YOUR ASSIGNMENT: Leave out the pictures and output exactly the lines below from the one with "To the funniest" down to the one with "How to create", both of them included.

EXERCISE DATA:
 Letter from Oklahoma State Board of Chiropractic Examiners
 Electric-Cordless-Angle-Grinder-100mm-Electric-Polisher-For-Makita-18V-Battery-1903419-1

...

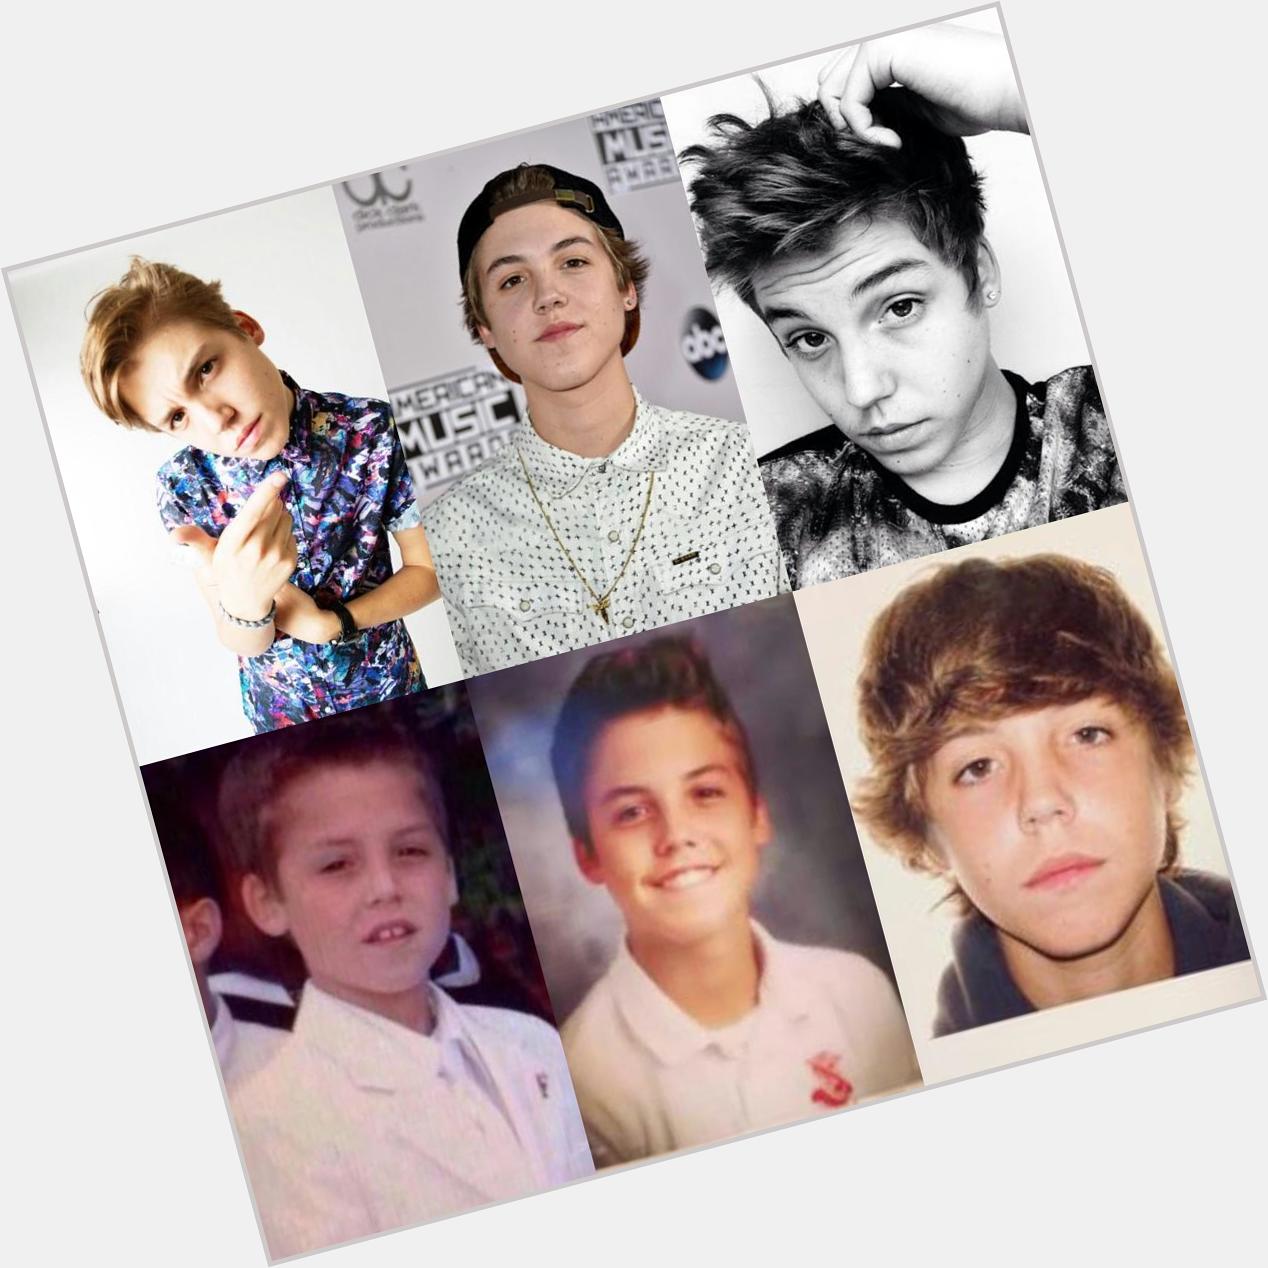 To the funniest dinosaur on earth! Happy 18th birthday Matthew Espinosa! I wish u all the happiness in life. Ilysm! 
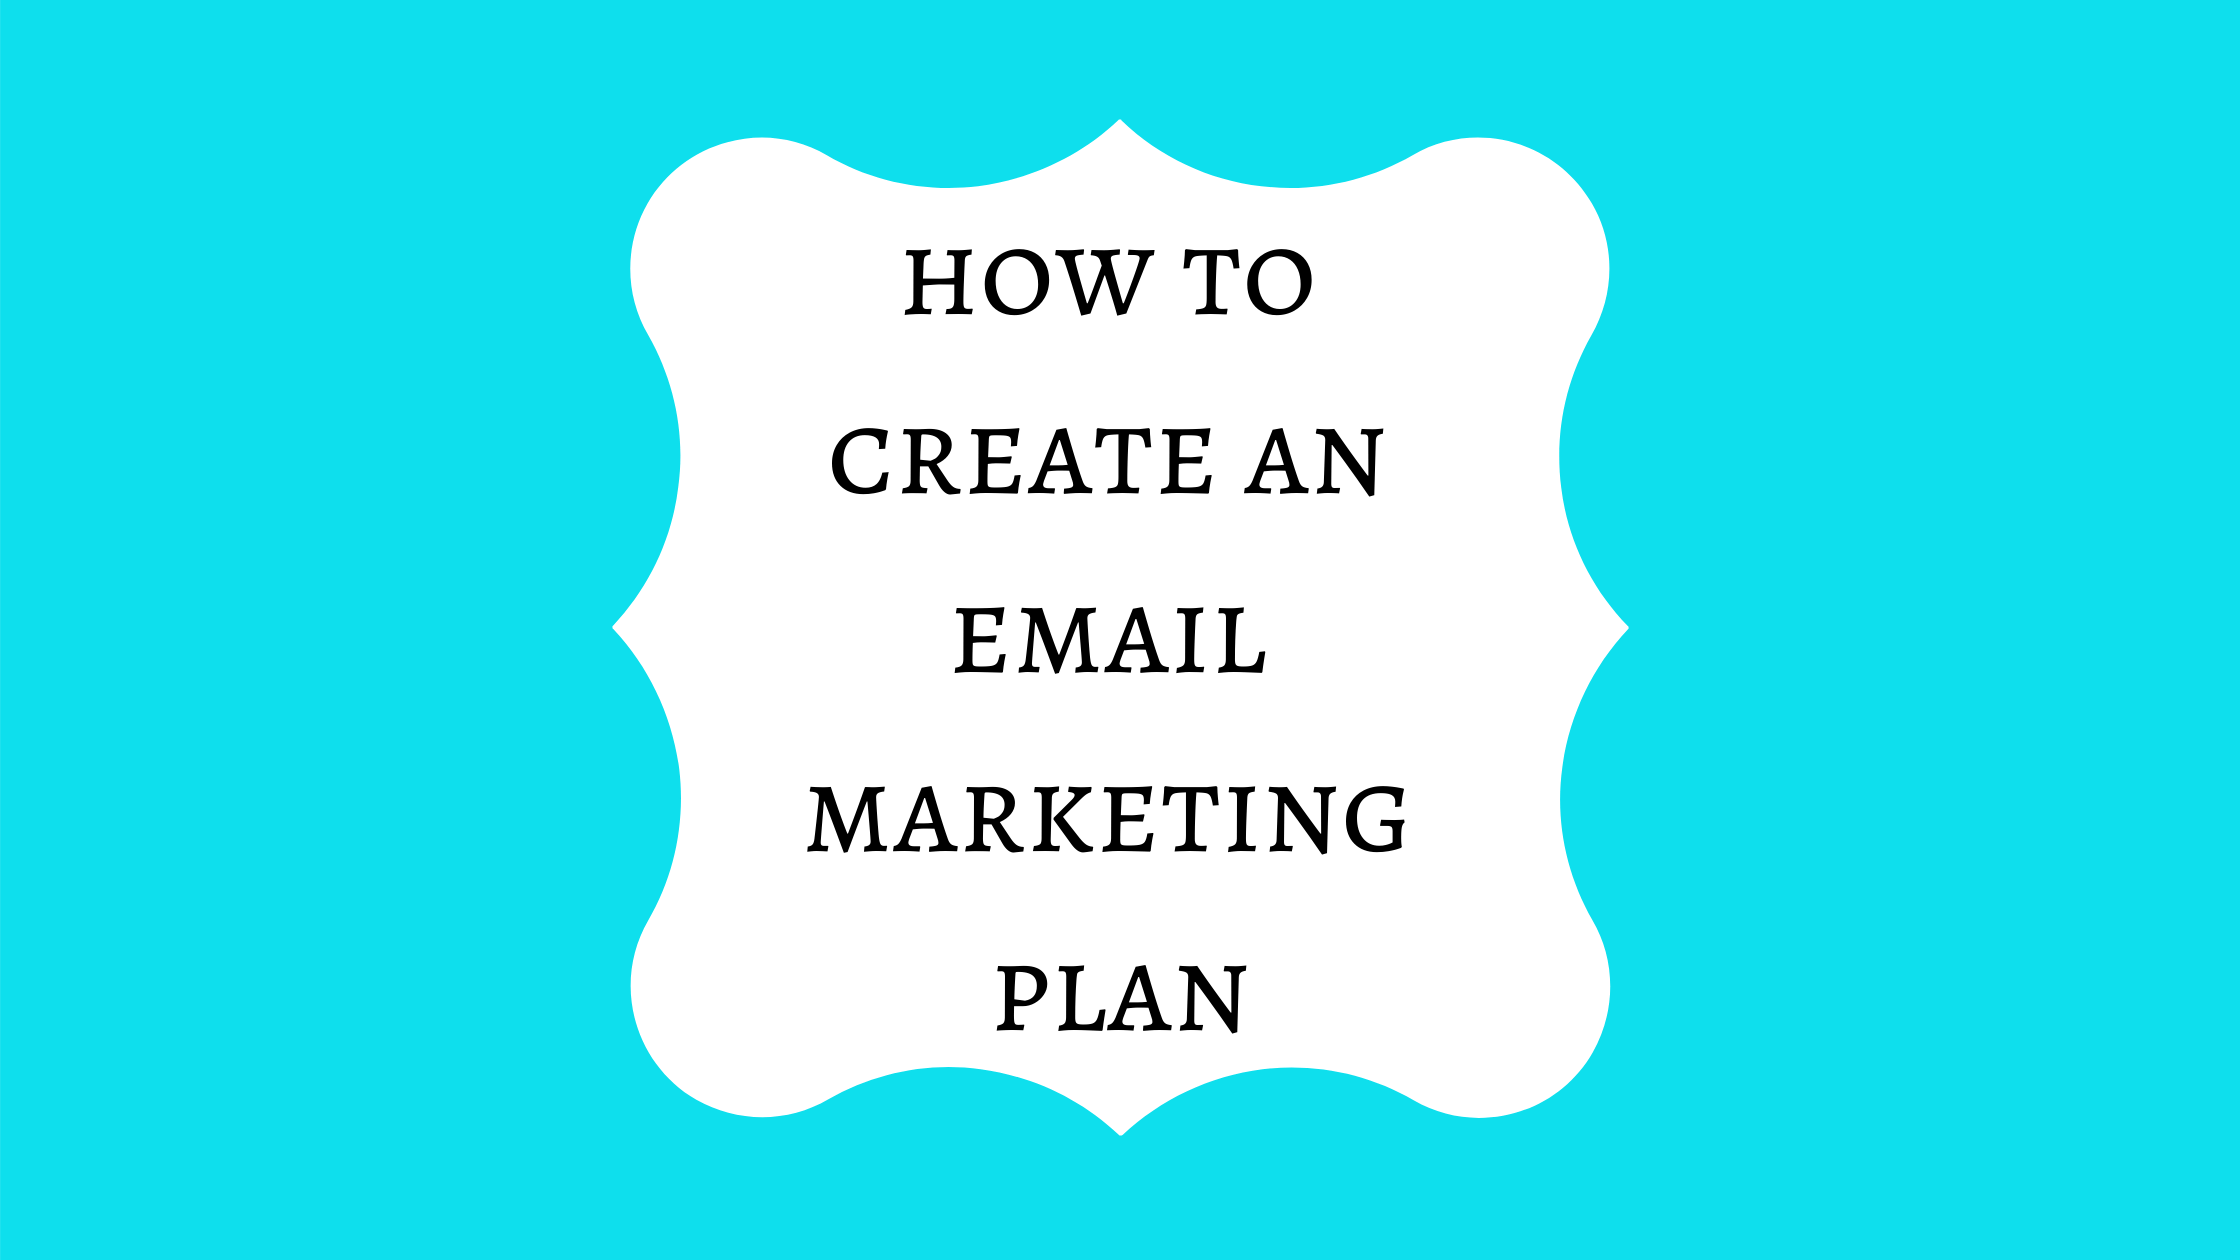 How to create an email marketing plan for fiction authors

RESPONSE TO THIS TASK:
 To the funniest dinosaur on earth! Happy 18th birthday Matthew Espinosa! I wish u all the happiness in life. Ilysm! 
 How to create an email marketing plan for fiction authors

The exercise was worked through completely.